------ PROVIDED INFORMATION

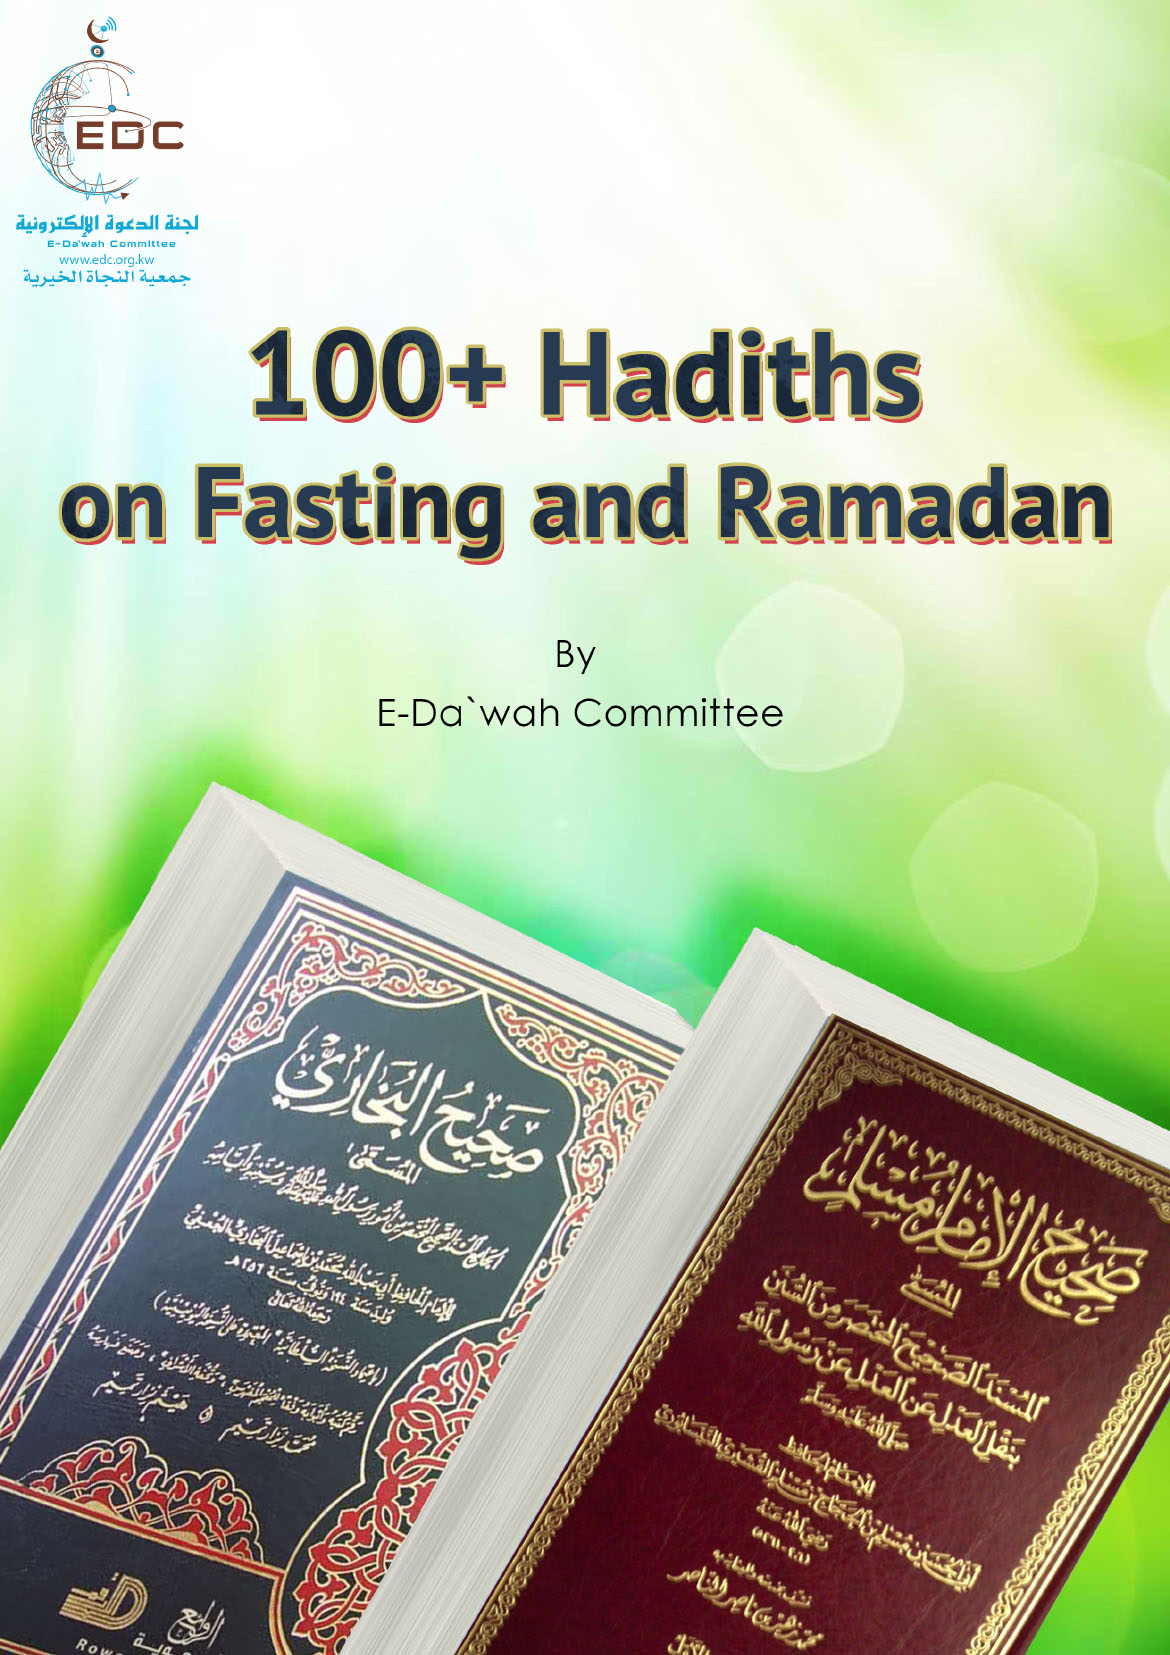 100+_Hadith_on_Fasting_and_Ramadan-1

------------
------ PROVIDED INFORMATION

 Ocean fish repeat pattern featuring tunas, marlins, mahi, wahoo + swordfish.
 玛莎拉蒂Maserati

------------
------ PROVIDED INFORMATION

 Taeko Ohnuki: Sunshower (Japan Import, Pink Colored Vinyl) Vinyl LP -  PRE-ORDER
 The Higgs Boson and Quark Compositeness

------------

> **TASK DETAILS**: The response must hold only the lines above from the line with "Taeko Ohnuki: Sunshower" through the line with "The Higgs Boson and Quark Compositeness", each copied exactly, both ends kept.

> **RESPONSE TO THE EXERCISE**:
 Taeko Ohnuki: Sunshower (Japan Import, Pink Colored Vinyl) Vinyl LP -  PRE-ORDER
 The Higgs Boson and Quark Compositeness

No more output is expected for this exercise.